In view of the above circumstances, an object of the present invention is to provide a technology capable of clearly separating data into any feature.
According to an aspect of the present invention, there is provided a learning device including: a classification unit that classifies latent variables, which are feature quantities obtained from learning data used for learning, by using a label feature quantity having label information used for classification; a decoding unit that decodes the latent variables to generate reconstruction data by using predetermined decoding parameters; and an optimization unit that optimizes the decoding parameters to minimize a classification error between the label feature quantity and a non-label feature quantity by using the label feature quantity.
According to another aspect of the present invention, there is provided learning method, in which a classification unit classifies latent variables, which are feature quantities obtained from learning data used for learning, by using a label feature quantity having label information used for classification, a decoding unit decodes the latent variables to generate reconstruction data by using predetermined decoding parameters, and an optimization unit optimizes the decoding parameters to minimize a classification error between the label feature quantity and a non-label feature quantity by using the label feature quantity.
According to still another aspect of the present invention, there is provided a learning method performed by a computer, the method including: a step of extracting a feature quantity from target data; a reconstruction step of reconstructing the extracted feature quantity to acquire reconstruction data; and a step of outputting a reconstruction error, which is a difference between the target data and the reconstruction data, as a degree to which the target data has a feature that a predetermined data group has in common, and in the reconstruction step, a feature quantity obtained from data belonging to the predetermined data group is separated into a first partial feature quantity and a second partial feature quantity, and the second partial feature quantity is exchanged with a second partial feature quantity extracted from another piece of data belonging to the predetermined data group, a post-exchange feature quantity is acquired, and optimization is performed to reduce a difference between data obtained by reconstructing the post-exchange feature quantity and data belonging to the predetermined data group.
According to still another aspect of the present invention, there is provided a program for causing a computer to classify latent variables, which are feature quantities obtained from learning data used for learning, by using a label feature quantity having label information used for classification, decode the latent variables to generate reconstruction data by using predetermined decoding parameters, and optimize the decoding parameters to minimize a classification error between the label feature quantity and the non-label feature quantity by using the label feature quantity.
According to the present invention, data can be clearly separated into any feature.
Embodiments of the present invention will be described in detail with reference to the drawings.
The classification unit 2 includes an encoding unit 12, a label feature quantity extraction unit 13, and a non-label feature quantity extraction unit 14.
The processing unit 3 includes a label feature quantity exchange unit 15, a feature combination unit 16, a decoding unit 17, a reconstruction error calculation unit 18, a decoding unit 19, a reconstruction error calculation unit 20, a non-label feature quantity exchange unit 21, a feature combination unit 22, a decoding unit 23, an encoding unit 24, a label feature quantity extraction unit 25, and a classification error calculation unit 26.
The learning device 1 separates input data into a label feature quantity and a non-label feature quantity.

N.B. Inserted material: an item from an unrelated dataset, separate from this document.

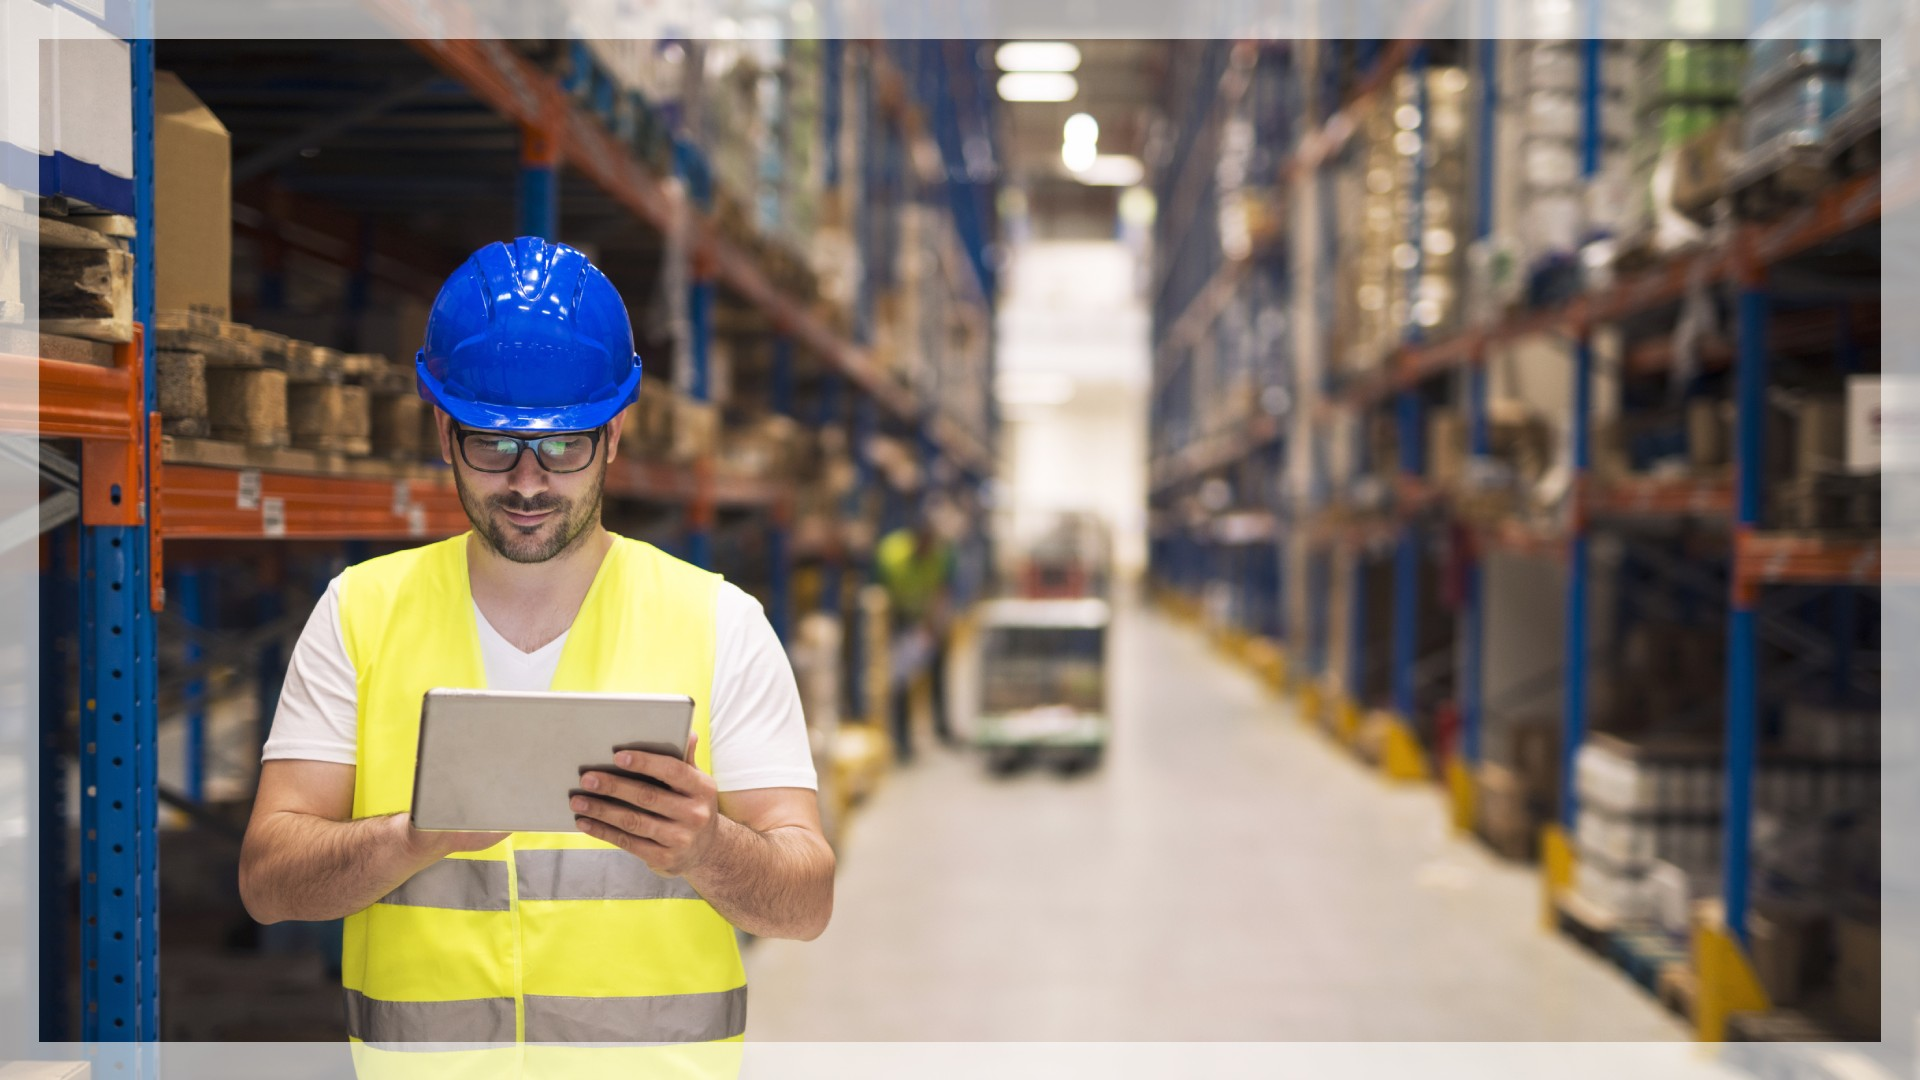 cii-wmp-warehouse-management-professional

In the following description, the learning data is referred to as {xi, yi}, (xi is input data, and yi is label (class) information) (i=1, . . . , N).
The sampling unit 11 samples input data {xi, yi}, . . . , {xB, yB} of a batch size B (B is an integer of 1 or more) from the learning data {xi, yi}.
The encoding unit 12 encodes the sampled input data xi to obtain a feature quantity 101 {Zi=[zi,label, zi,wo_label]}0 including M parameters for each piece of data. Here, zi,label is a label feature quantity zi,label=[zi,1, . . . , zi,c] including C (C is an integer of 1 or more) parameters, and zi,w_label is a non-label feature quantity zi,wo_label=[zi,C+1, . . . , zi,M] including M-C (M is an integer of 2 or more) parameters. The encoding unit 12 outputs the feature quantity 101 to the label feature quantity extraction unit 13, the non-label feature quantity extraction unit 14, and the decoding unit 19. Note that the latent variable is a feature quantity obtained by encoding in a case where an auto encoder is used.
The label feature quantity extraction unit 13 extracts a label feature quantity 102 {zi,label}. The label feature quantity extraction unit 13 outputs the extracted label feature quantity 102 to the label feature quantity exchange unit 15, the feature combination unit 22, and the classification error calculation unit 26.
The non-label feature quantity extraction unit 14 extracts a non-label feature quantity 103 {zi,wo_label}. The non-label feature quantity extraction unit 14 outputs the extracted non-label feature quantity 103 to the feature combination unit 16, the non-label feature quantity exchange unit 21, and the feature combination unit 22.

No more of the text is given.